February 28, 2012, 11:56 AM —
The secret origin of big data has its roots in the massive firehouse of data born from the Web and the role it plays in ecommerce.
So it's only fitting that companies like BloomReach are using big-data analytical techniques to turn the delivery model of content to consumer on its metaphorical head with its new Web Relevance Engine product stack.
BloomReach is a new company launched this week around the Strata Conference in the hopes of catching the wave of new big data ventures coming out of this event. What makes BloomReach interesting, though, its the decidedly narrow focus of how it applies analytics to the web.
Web analytics is a tricky game--in the past, it was very much reactive. Analysts would monitor the logs of web sites and use them to determine (in decidedly non real time) which pages or products were doing the best and then modify the web site to drive traffic in to that content. As data analytics got better, then actual real time started to be approached. So, sites like Amazon can measure page views and customer interest and get hot products more noticed more quickly.
But even as this approach grows more sophisticated, one thing doesn't change much, if at all: the content itself. While the placement of content can be different and adjusted, the basic core content is not modified based on its true relevancy to the customer.
This is the gap that BloomReach is trying to address: monitoring consumer experience and web site data closely, and then modifying content on-the-fly to make that content more accessible for the end user. This approach is, as CEO Raj De Datta puts it, "making sure every page is as relevant as possible."
De Datta explained that the content isn't completely altered--you won't see a page completely customized for the end user. What happens is that when a customer comes to a site that's connected to BloomReach's hosted service, BloomReach will use the data it picks up about the customer and her habits, as well as past behavior on the site to adjust the searches the user makes to come up with better results.
The example De Datta gave was a simple one: say you have an ecommerce site with one red sweater and one striped sweater. If a user makes a search on either one of the major portals (Google, Bing, Yahoo) or on the ecommerce site itself for ("red striped sweater"), that search result may not show up under normal circumstances. That's because it's nearly impossible for a human being to go through every possible semantic combination of products available.
But not for the Web Relevance Engine. By gathering all of this data, the BloomReach software can figure out semantic combinations such as this and actually deliver the relevant page for the customer's search.
"Most web sites see 25 percent of their pages found through natural search," De Datta said. "After a few months with BloomReach, our customers are seeing 75 percent of their pages exposed."
The Web Relevance Engine stack is actually three products: the BloomSearch product that performs the functions described above; the BloomLift application, which plugs into ad campaigns to deliver more relevant ad pages; and the BloomSocial software, which ties in social curation for delivering relevant content.
This has not been a quick slap-dash project: according to De Datta and his team, the company has been working three years to come up with this solution, which uses Hadoop stores and Cassandra and custom query language to drive the products, explained CTO Ashutosh Garg.

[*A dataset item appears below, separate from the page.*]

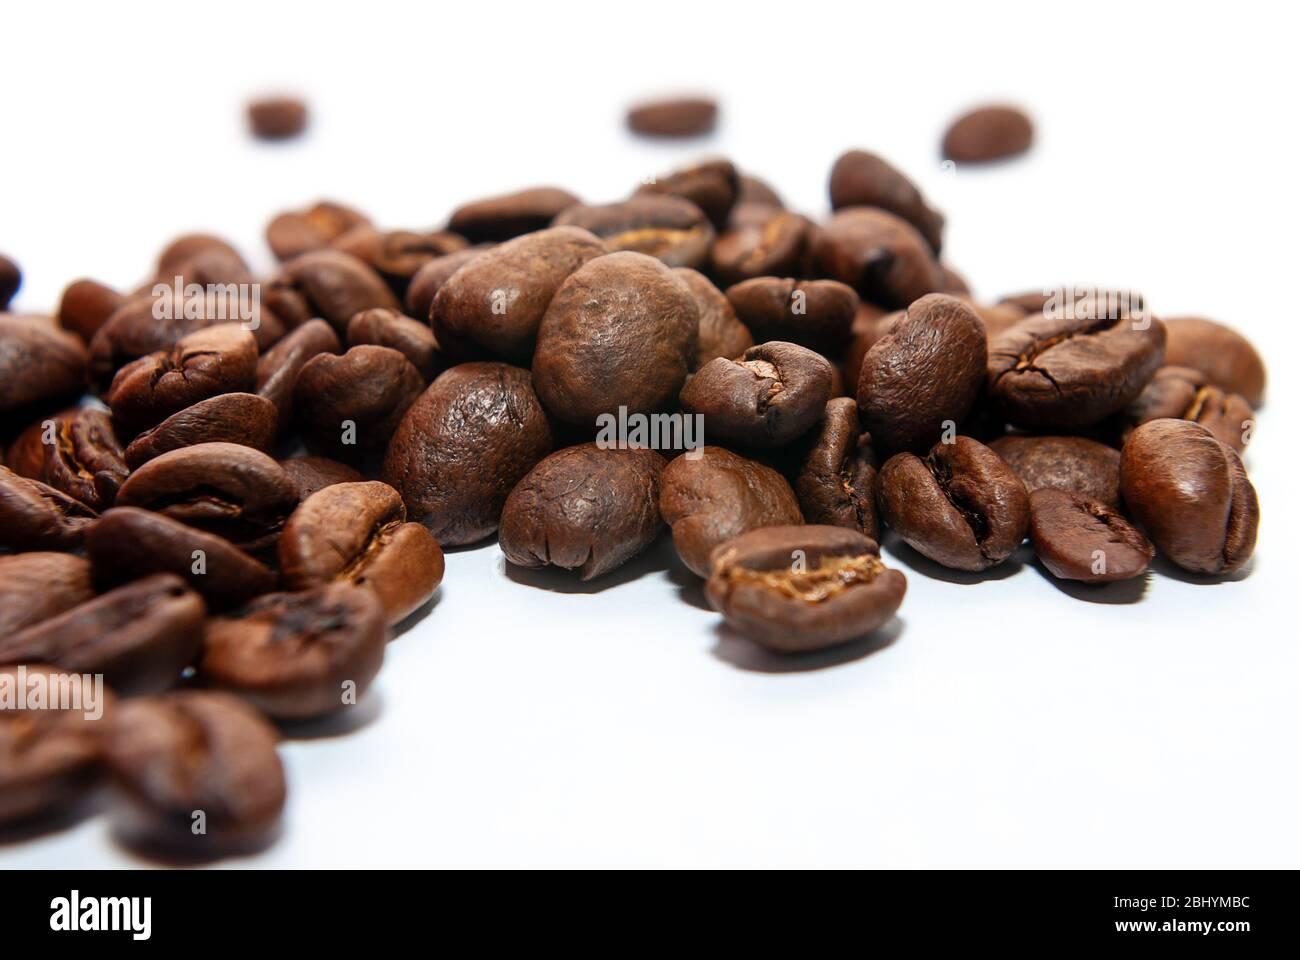 Los granos de café sobre un fondo blanco. Foto de stock

"We are running 1,000 Hadoop jobs and hitting over a billion pages per day," Garg said. He added that the Web Relevance Engine can parse up to 10 billion phrases within its semantic map.
The length of the start-up to launch was intriguing, but it was really just showed how complex the problem BloomReach is trying to solve is.
"This is a lot of machine learning, on a massive web scale," explained Head of Marketing Joelle Kaufman. The three-year process was a necessary interval into making sure the final product could deliver on its promise.
BloomReach will be one of many vendors out there trying to apply big-data techniques to the area of web marketing and commerce. It's subscription hosted service should be an interesting one to watch.